──────── Data below

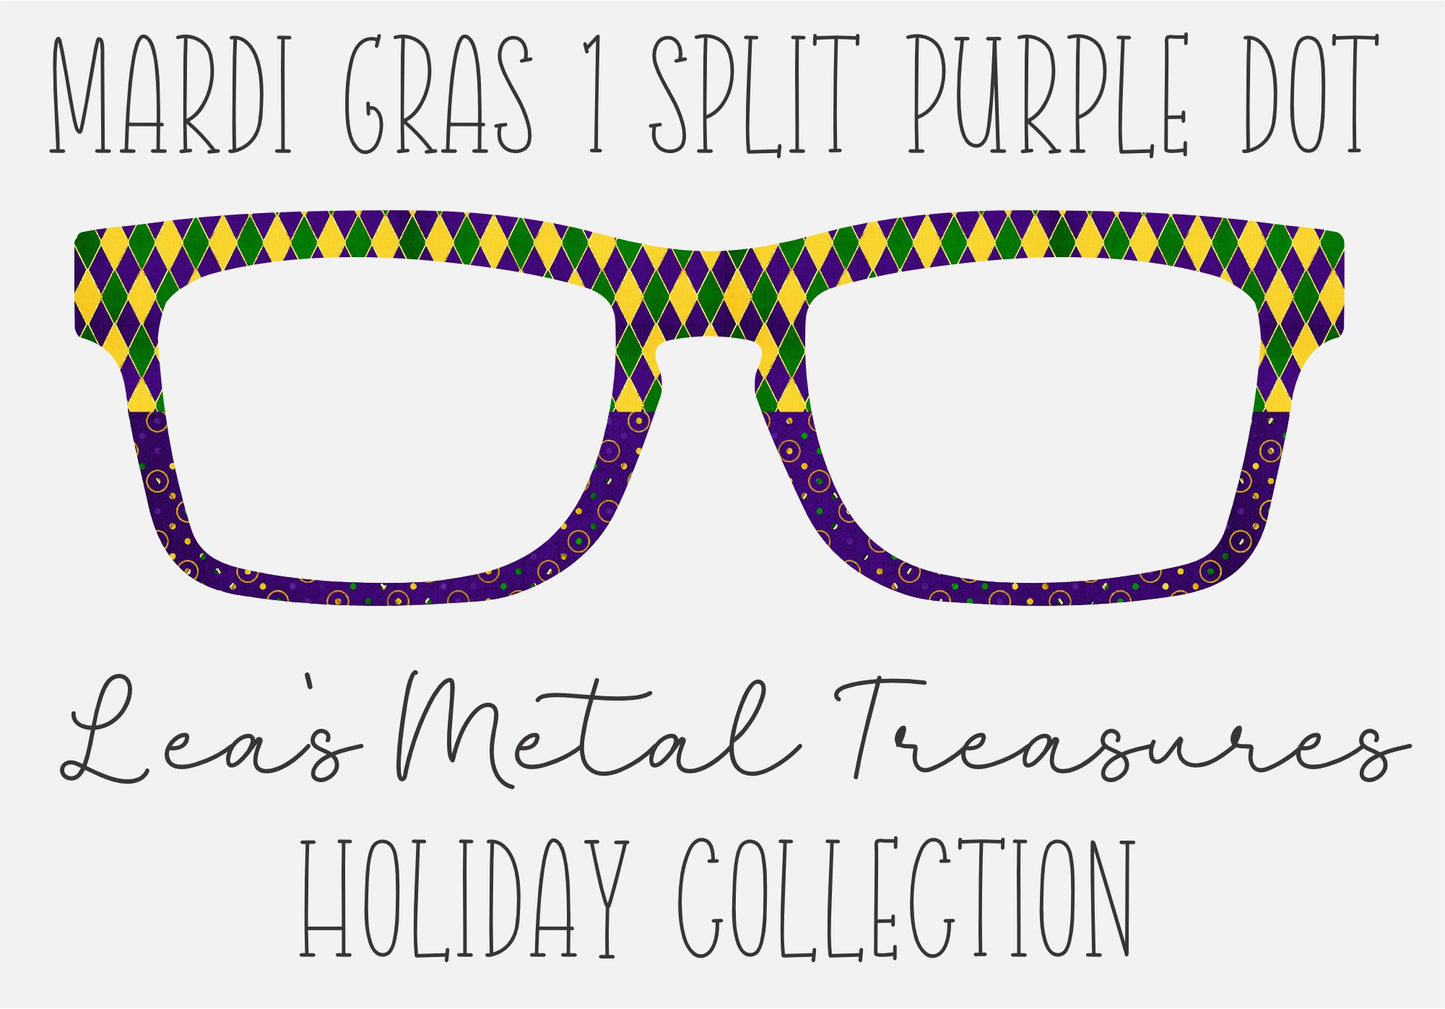 MARDI GRAS SPLIT 1 PURPLE DOT Eyewear Frame Toppers COMES WITH MAGNETS
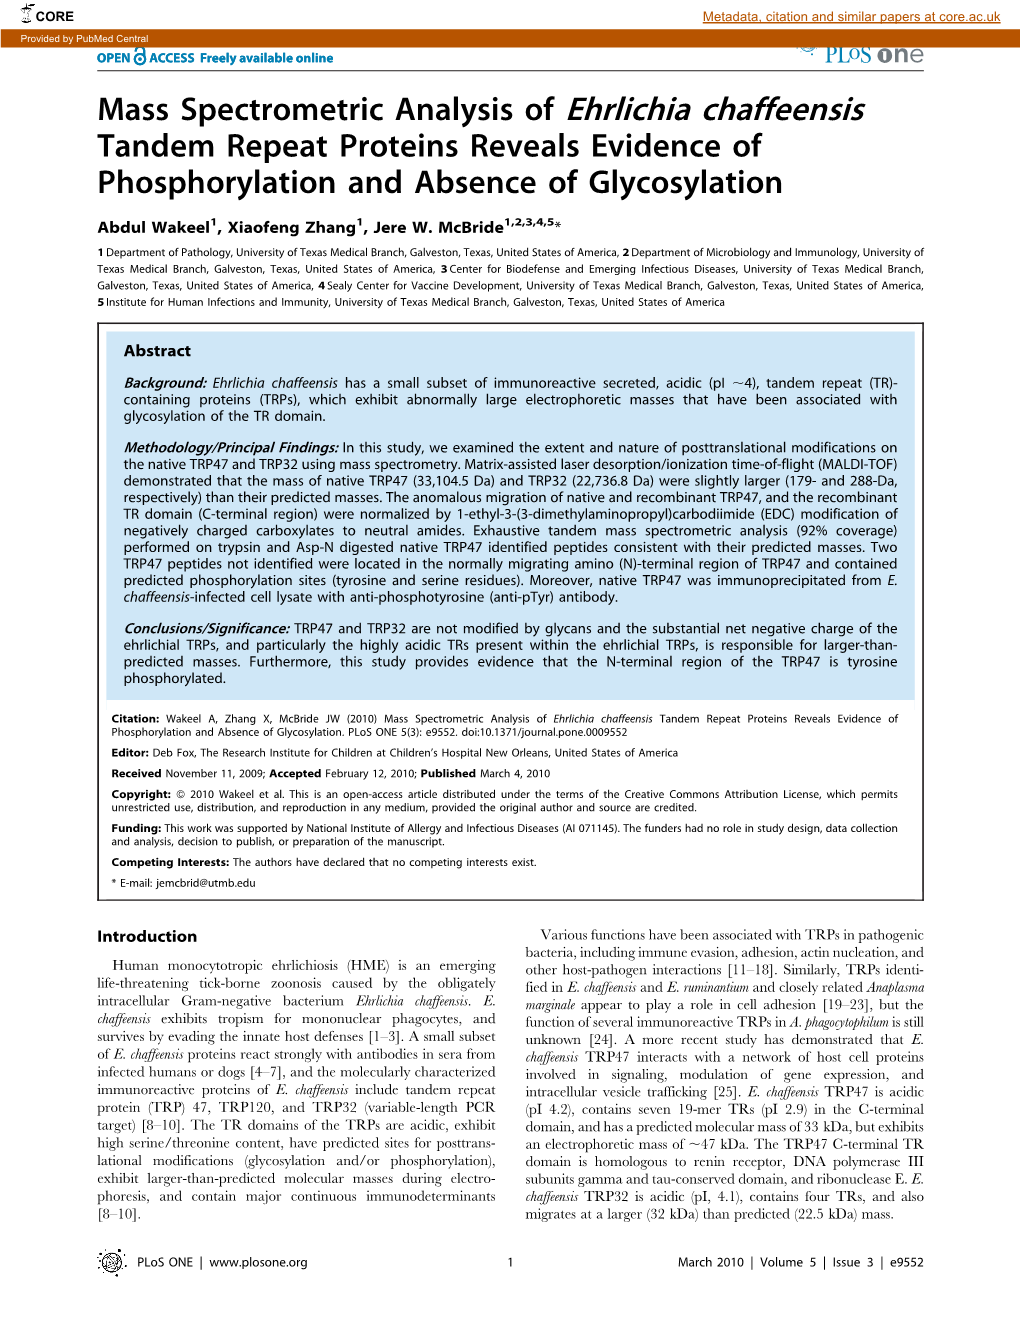 Mass Spectrometric Analysis of Ehrlichia Chaffeensis Tandem Repeat Proteins Reveals Evidence of Phosphorylation and Absence of Glycosylation
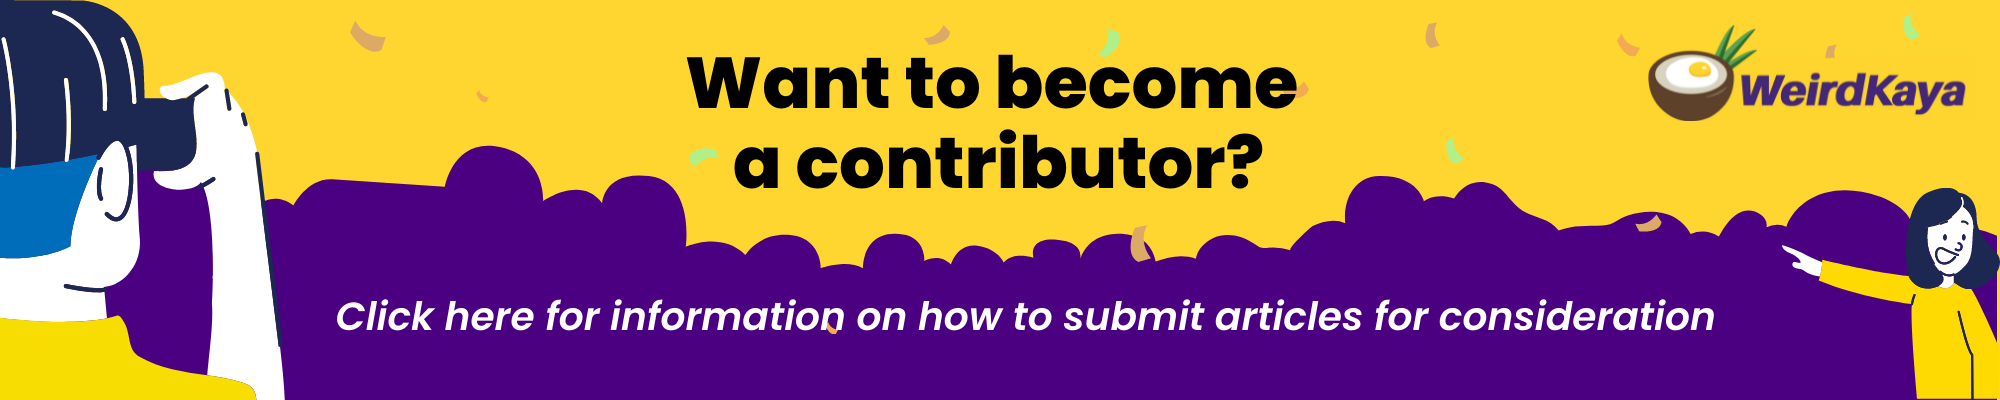 Want to become a contributor on weirdkaya?

────────────────

Activity
Your copy should hold each line above exactly and no pictures at all.

Result of the task
 MARDI GRAS SPLIT 1 PURPLE DOT Eyewear Frame Toppers COMES WITH MAGNETS
 Mass Spectrometric Analysis of Ehrlichia Chaffeensis Tandem Repeat Proteins Reveals Evidence of Phosphorylation and Absence of Glycosylation
 Want to become a contributor on weirdkaya?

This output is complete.